I have learned a lot about shadow work, i.e. examining our shadow side from Richard Rohr’s teachings. It means to be brutally honest with yourself and shine light in the dark corners of your soul. This can be difficult and even humiliating, but it’s usually enlightening.
Shadow boxing is helpful when unpacking our backpack. Remember to focus on radical self-acceptance. Our inner critic has a tendency to step up automatically, which makes shadow boxing something we’d rather avoid. Turn down the volume of your inner critic, accept yourself “as is” and simply do the work – sort, sift, discard.
Anyone who has dealt with oppression, abuse, abandonment, trauma, etc. may need additional support with unpacking, often in the guidance of a skilled therapist. Others may lean on their faith, a trusted confidant, meditation. The important thing is to face our shadow, rather than escape, numb, deny, rationalize, or make excuses, etc.

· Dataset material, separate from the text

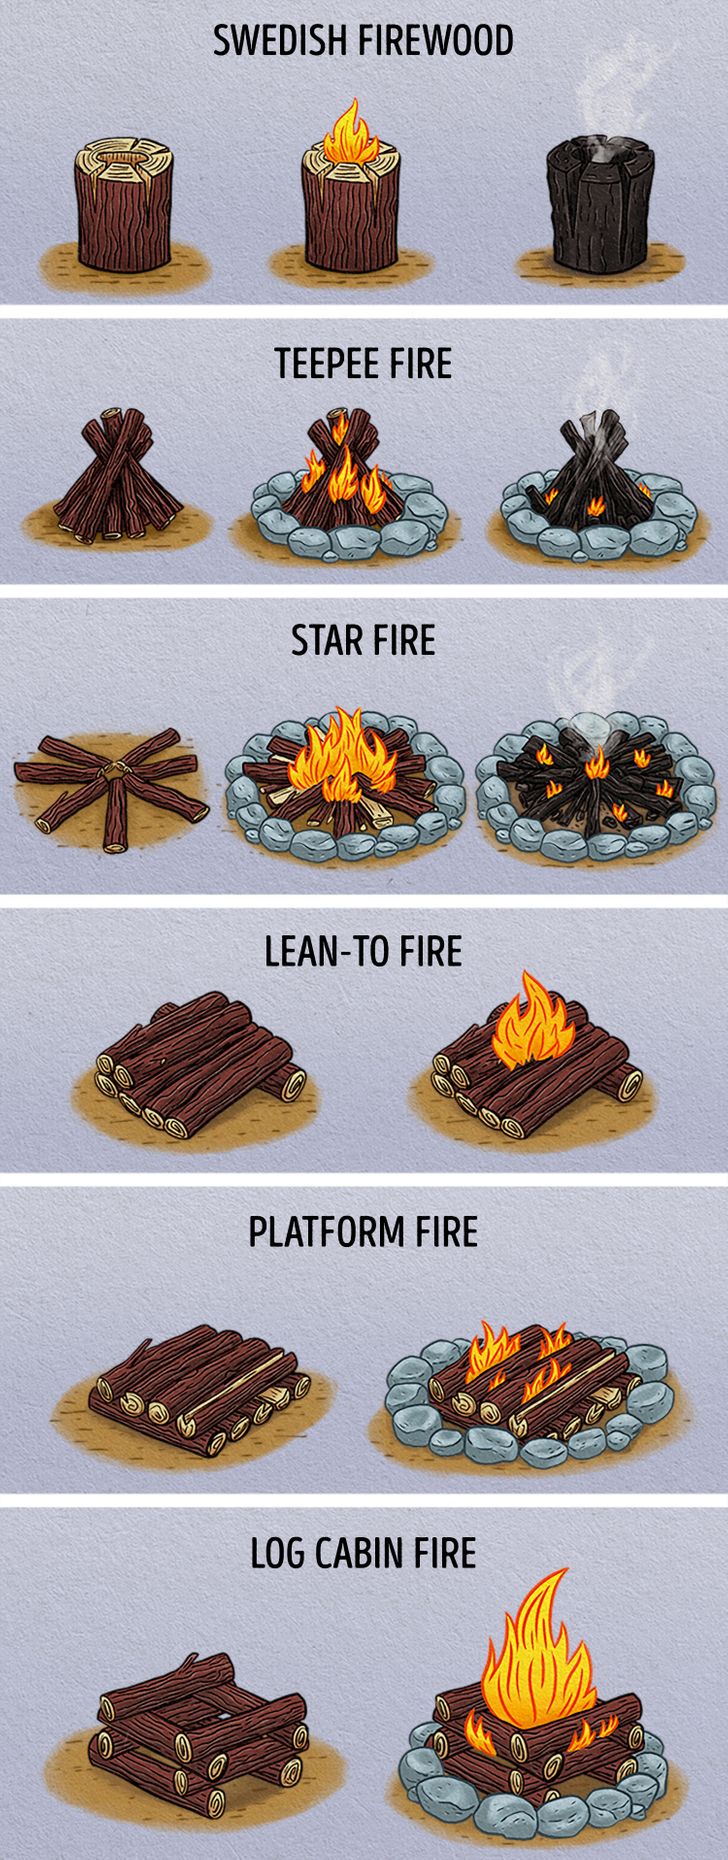 8. What type of fire to make

While this blog post has been percolating in my mind the past several weeks, I happened to listen to a recent episode on the podcast Love Period last week. The Reverend Dr. Jacqui Lewis interviewed one of my favorites, author and activist Valarie Kaur on the topic of Travel Lightly: Downsize the Burdens You Carry.
Lewis summarized this unpacking as:
1. Feel your emotions. Don’t mask or ignore or box them away – feel all the emotions in their stormy largeness. Exercise or art or nature or music or journaling or some other cathartic activity can help us manage “feeling the feels.”
2. Learn the lessons. Emotions, especially anger, generally have something to teach us. In order to learn, we have to be willing to humbly pay attention and dig deep to the root of that emotion.
3. Practice letting go. This means extricating that chunk of burden from your backpack. It may not happen on the first try, but keep practicing. Sort, sift, discard.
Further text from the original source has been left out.